True negatives (TN): The number of ham SMSes that are correctly classified.
False positives (FP): The number of ham SMSes that are falsely classified.
False negatives (FN): The number of scam e-wallet deposit notification SMSes that are falsely classified.
False positives rate (FPR): The rate of ham SMS misclassification.
False negatives rate (FNR): The rate of scam e-wallet deposit notification SMSes misclassification.
Classification accuracy (CA): The ratio of correctly classified SMSes to the total number of input SMSes.
Precision: The proportion of SMSes classified as scam e-wallet deposit notifications that are correctly classified.
Recall: The proportion of the actual scam e-wallet deposit notification SMSes that are correctly classified.

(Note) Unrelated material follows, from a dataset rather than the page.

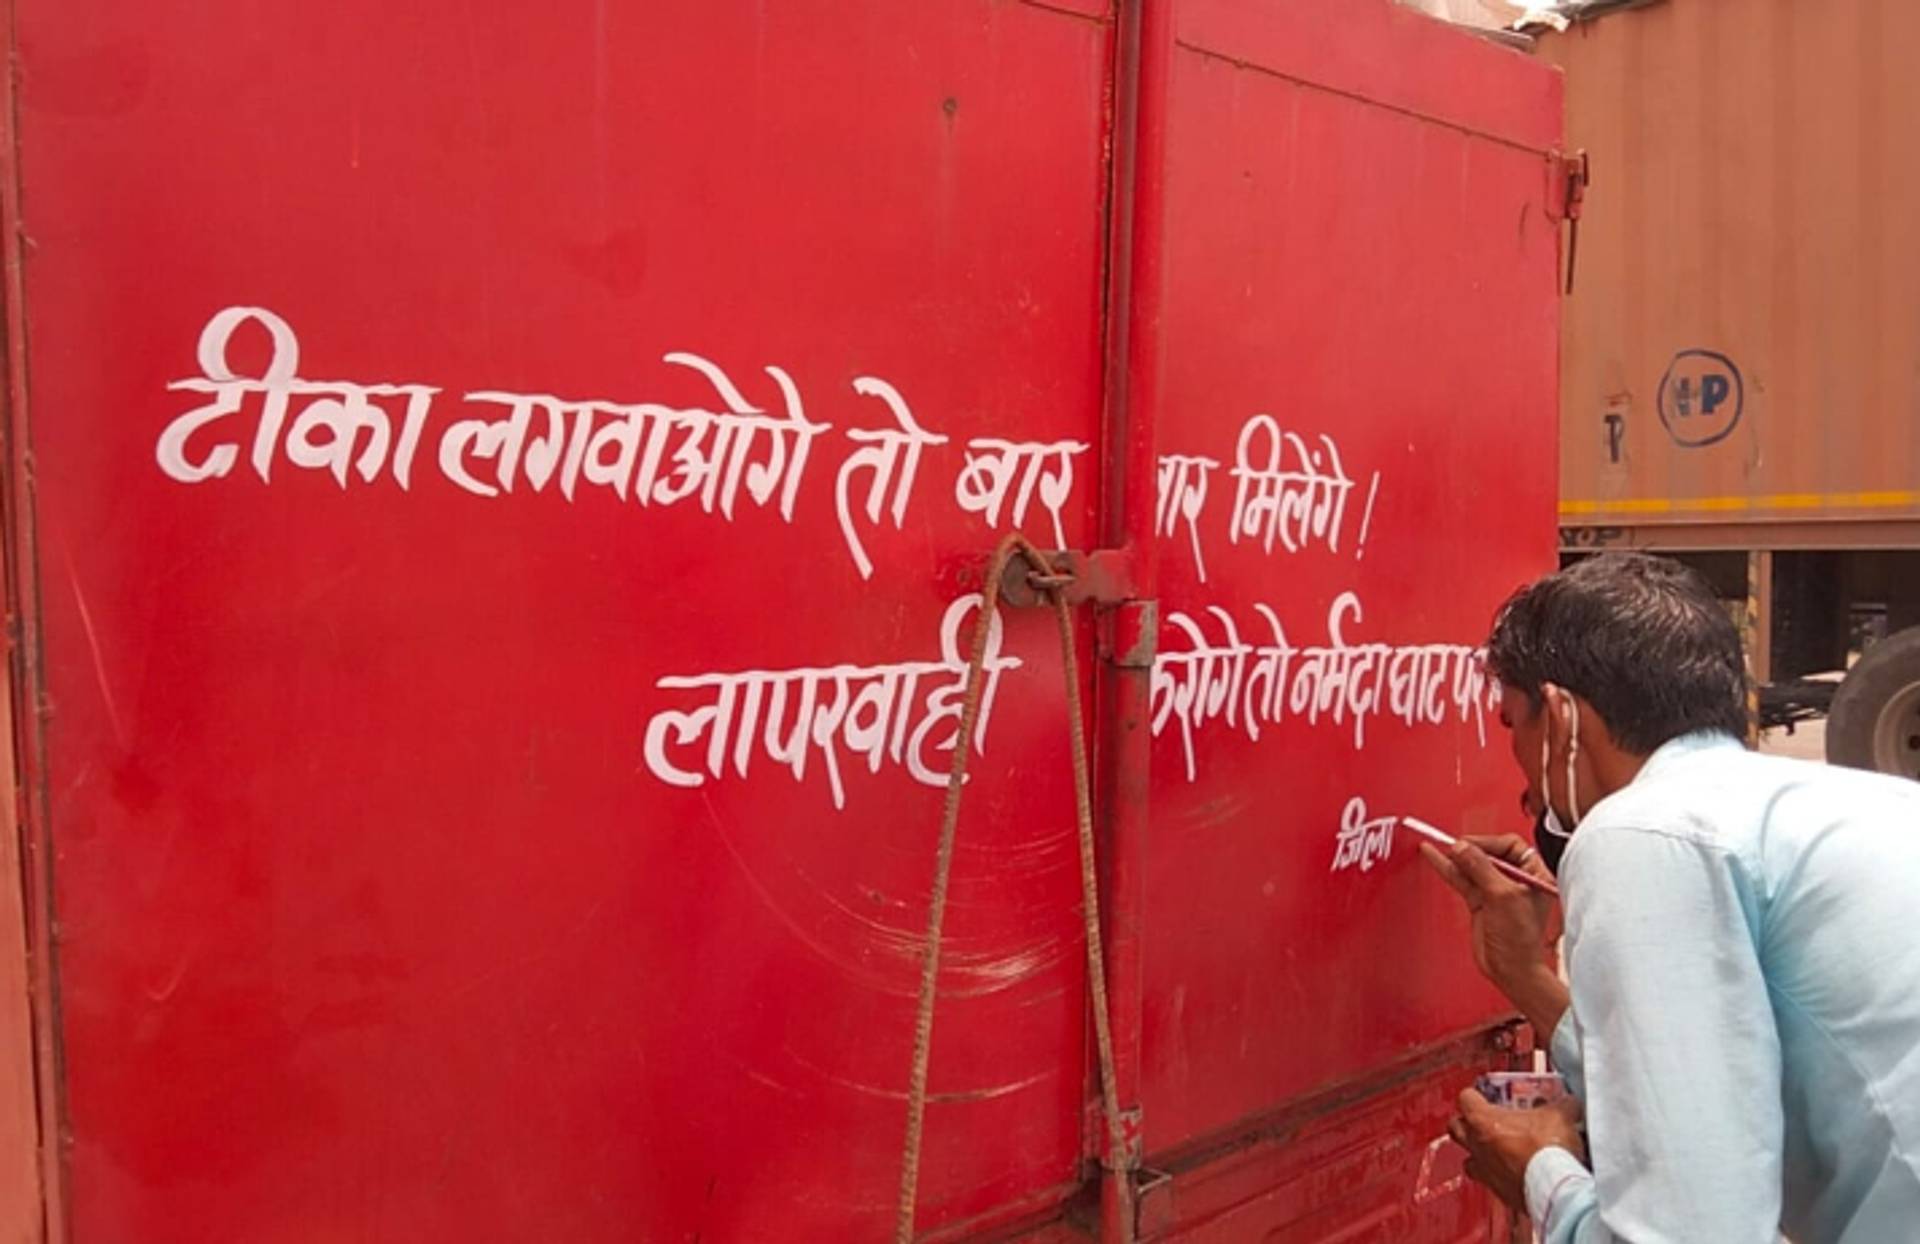 India's truck drivers help fight vaccine hesitancy

F1-measure: The harmonic mean of precision and recall.
5. Comparative evaluation results
Table 4 presents the two classifier models' performances in terms of TP, TN, FP, FN, FPR and FNR evaluation metrics.

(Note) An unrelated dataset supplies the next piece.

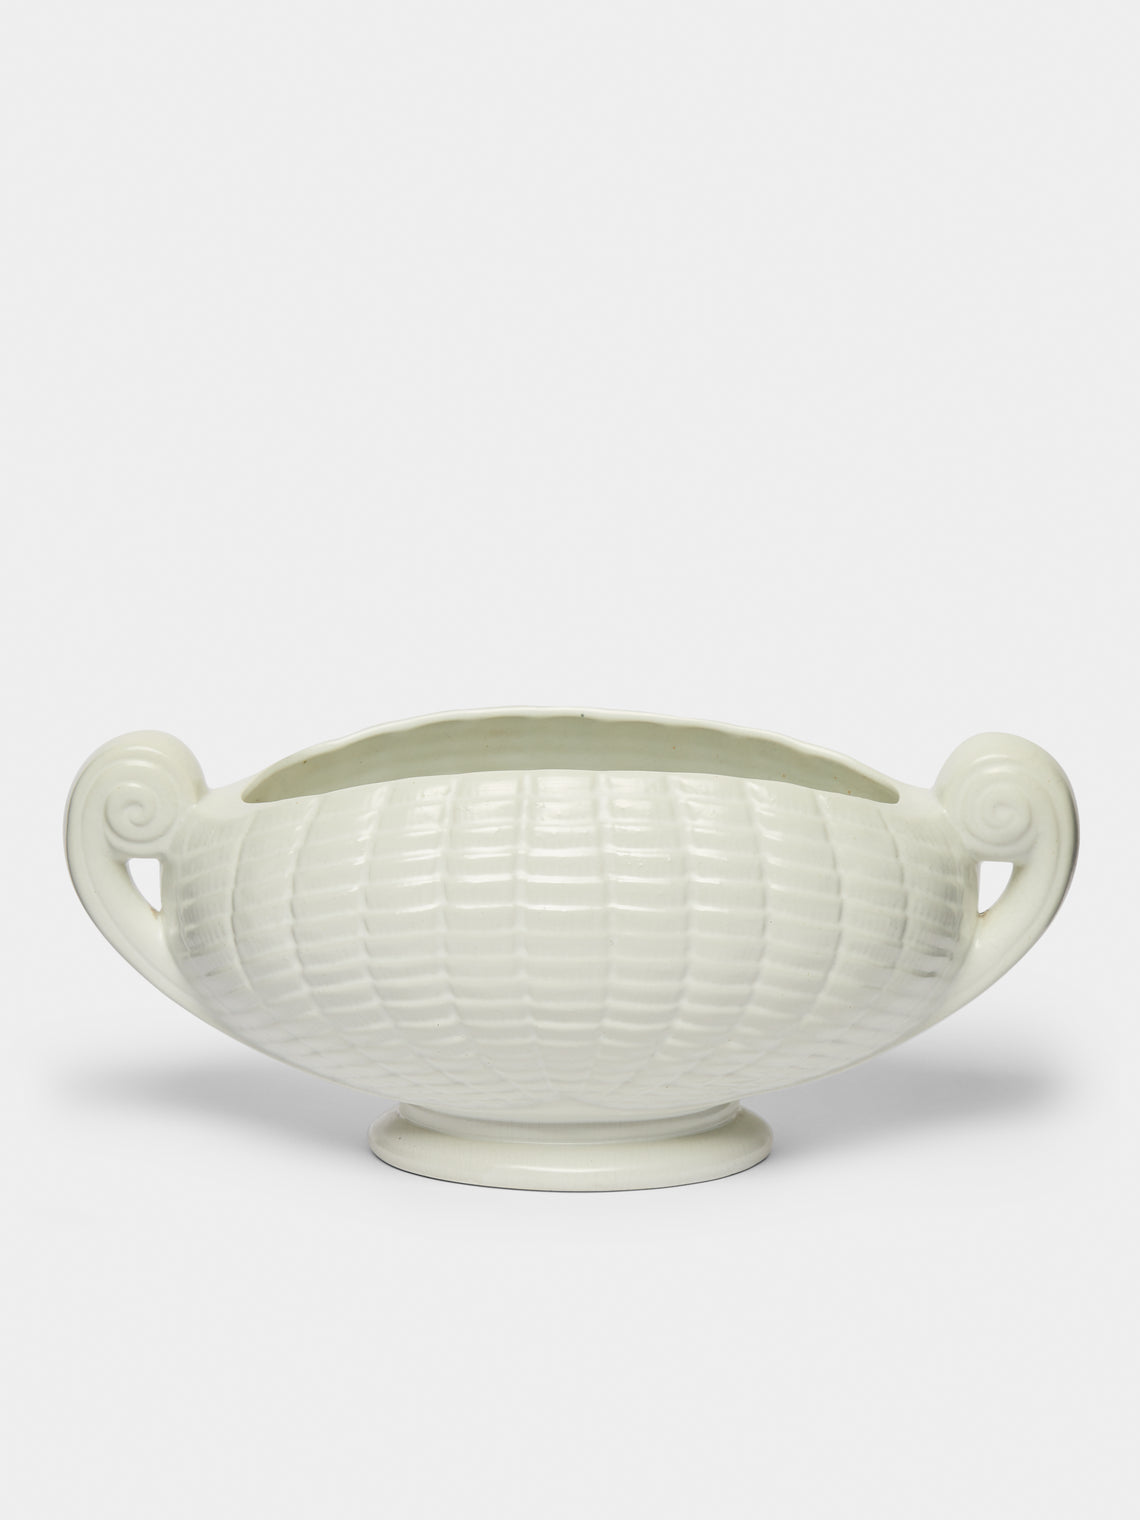 Antique and Vintage - 1930-1940 Large Shell Mantle Vase - White - ABASK -

The results in Table 4 show that, on average, the SVM model correctly classified 18.2 scam e-wallet deposit notification SMSes (i.e., TP = 18.2) and misclassified 0.0 (i.e., FN = 0.0) compared to the NB's 17.7 and 0.5 respectively. This reveals that the SVM classifier model was more efficient than the NB model with respect to detecting scam e-wallet deposit notification SMSes. However, the results indicate the contrary about the models' capability to detect the ham SMSes, with the NB having correctly classified an average of 5.7 ham SMSes and misclassified 0.1, compared to the SVM's 5.6 and 0.2 respectively. The two models' FPR and FNR averages conform with the aforementioned results.
Because the emphasis of the study was on the models' capability to efficiently detect scam e-wallet deposit notification SMSes, we gave performance in terms of this criterion more weight than performance in respect of the detection of ham SMSes. Thus, the SVM classifier model was found to be superior to the NB model.
The graph in Figure 2 depicts the two classifier models' performance in terms of CA, precision, recall and F1-measure.
The results shown in Figure 2 indicate that the SVM model correctly classified more SMSes than the NB model, producing the highest CA. The two classifier models demonstrated contrasting performances in terms of precision and recall, with SVM achieving the highest recall while NB produced the highest precision. The differences between precision and recall, in terms of their respective equations (4) and (5) provided in the previous section, is represented by FP and FN. The two classifier models had contrasting FP and FN values due to their dissimilar performances with respect to correctly classifying the ham SMSes and the scam e-wallet deposit notification SMSes, as highlighted in the previous section. This caused the observed models' contrasting precision and recall values. The harmonic mean of precision and recall (i.e., F1-measure) helped to remove any ambiguity regarding which of the two models made a better overall classifier for both ham SMSes and scam e-wallet deposit notification SMSes, with the SVM model's F1-measure = 0.995 being superior to the NB model's F1-measure = 0.983.
6. Conclusions
In an attempt to contribute to solution of the problem of fraudulent e-wallet deposit notification SMSes, we trained NB and SVM classifier models to classify ham SMSes and scam e-wallet deposit notification SMSes, following which their performances were evaluated. The evaluation results indicate that the SVM classifier model can detect fraudulent e-wallet deposit notification SMSes more efficiently than the NB model. The SVM model's strength was highlighted by its FNR = 0.000, CA = 0.992, recall = 1.000 and F1-measure = 0.995, making it the more efficient model. Our envisaged future work is to extend this study by developing a mobile application or applications making use of the SVM classifier model to detect fraudulent e-wallet deposit notification SMSes on a user's mobile device.